Divergente não diverge muito do que é visto no subgênero
Podem imaginar a disposição dos críticos de cinema adultos ao receberem a notícia de que terão que encarar mais um filme baseado em um livro de ficção e aventura juvenil. Para ser justo e não dizer que isso é tudo o que é feito atualmente na meca do cinema, podemos afirmar também um certo desgaste nas refilmagens e adaptações de quadrinhos de super-heróis. É claro também que nada disso importa se as obras forem de fato boas. Afinal ninguém reclama da fonte de um bom exemplar cinematográfico, só dos ruins.
E o problema é justamente esse. Temos muitos exemplares ruins do subgênero. Ao ponto de perdermos a conta. Desde que Harry Potter deu (muito) certo, Hollywood despertou para a coisa e terminou por encorajar todo tipo de escritor. Daí vieram Crepúsculo e Jogos Vorazes, de qualidades variadas, mas sucesso inquestionável. E quem não quer garantir seus milhões. Sem dúvidas Dezesseis Luas, A Hospedeira, Percy Jackson, A Bússola de Ouro, Os Instrumentos Mortais e outros tentaram.

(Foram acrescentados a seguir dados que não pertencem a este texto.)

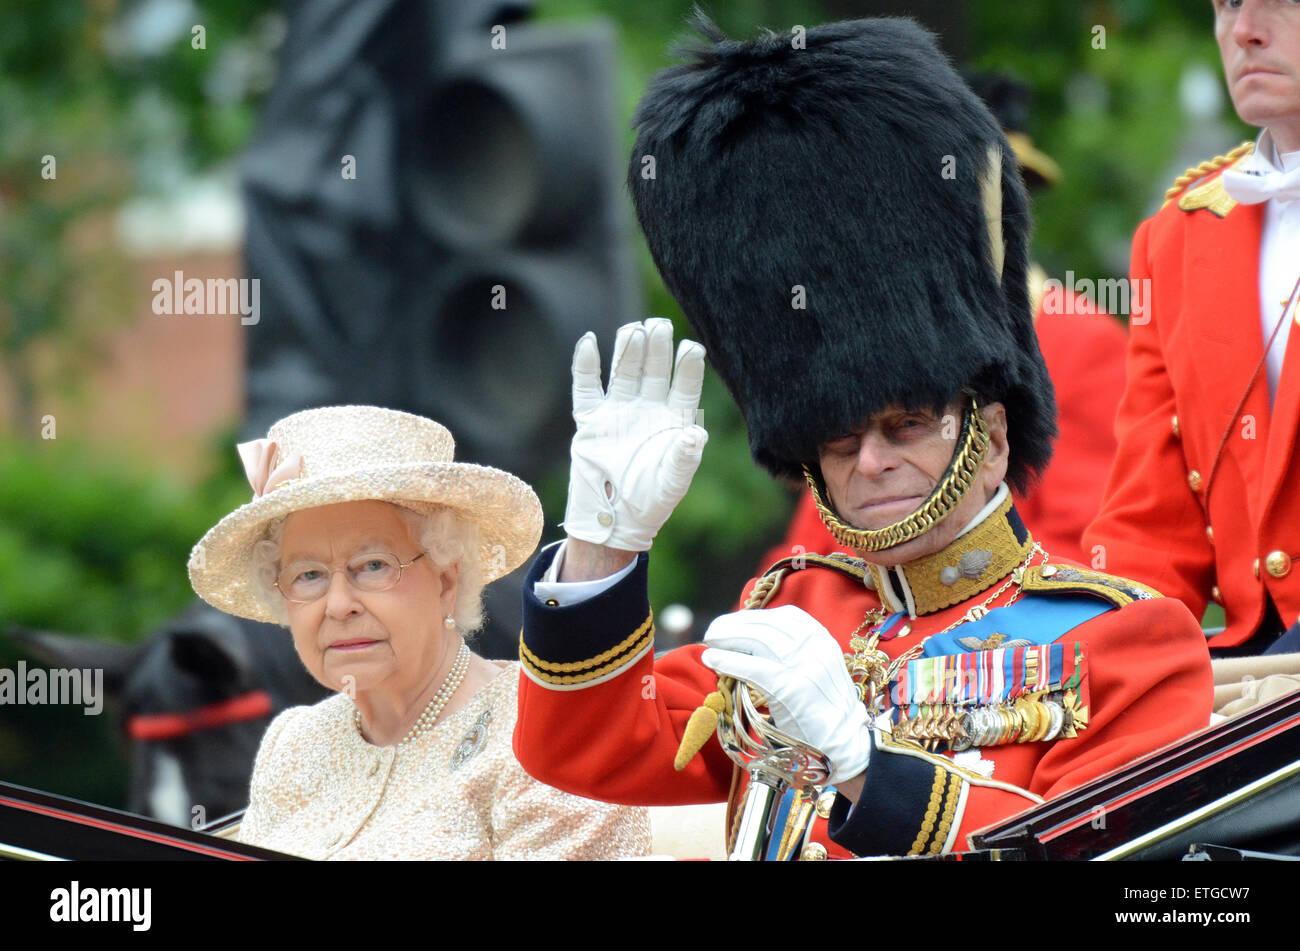 La Reine et le Prince Philip. Parade de la couleur dans le centre commercial. Londres Photo Stock

Agora chega a vez de Divergente, ficção infanto-juvenil da escritora Veronica Roth (por si só uma jovem de 25 anos). É claro que a “menina autora” bebe na fonte de Harry Potter (a seleção de qual casa você irá ficar), Jogos Vorazes (treinamentos e combates intensos para o público mais novo) e infelizmente de A Hospedeira e Os Instrumentos Mortais também (com uma protagonista que é a predestinada). A bola da vez é Tris, personagem da bela e talentosa Shailene Woodley.
Woodley marcou presença provando que é boa atriz em obras como Os Descendentes (2011, indicado ao Oscar de Melhor Filme) e The Spectacuar Now (2013, romance superelogiado saído de Sundance e ainda inédito no Brasil). A carreira da menina tem tudo para decolar e aqui ela investe numa superprodução mirada ao público jovem para se tornar uma estrela. No texto de Roth, o mundo do futuro é dividido por facções trabalhistas, definidas por suas aptidões.
Ao completar certa idade, os jovens perante um conselho, escolhem suas facções. Para isso colocam o chapéu selet… ops, digo, cortam a mão e deixam uma gota de sangue cair na vasilha do grupamento específico. Os pais de Tris são altruístas importantes e influentes. Tal classe é a regente deste mundo futurístico. Seu trabalho consiste em ajudar os pobres, algo mais caridoso impossível. Porém, ao contrário do que esperam seus pais (vividos por Tony Goldwin e Ashley Judd), a pequena Tris tem aspirações maiores e sonha com os audaciosos – membros de uma força de elite designada para proteger todos nesta sociedade.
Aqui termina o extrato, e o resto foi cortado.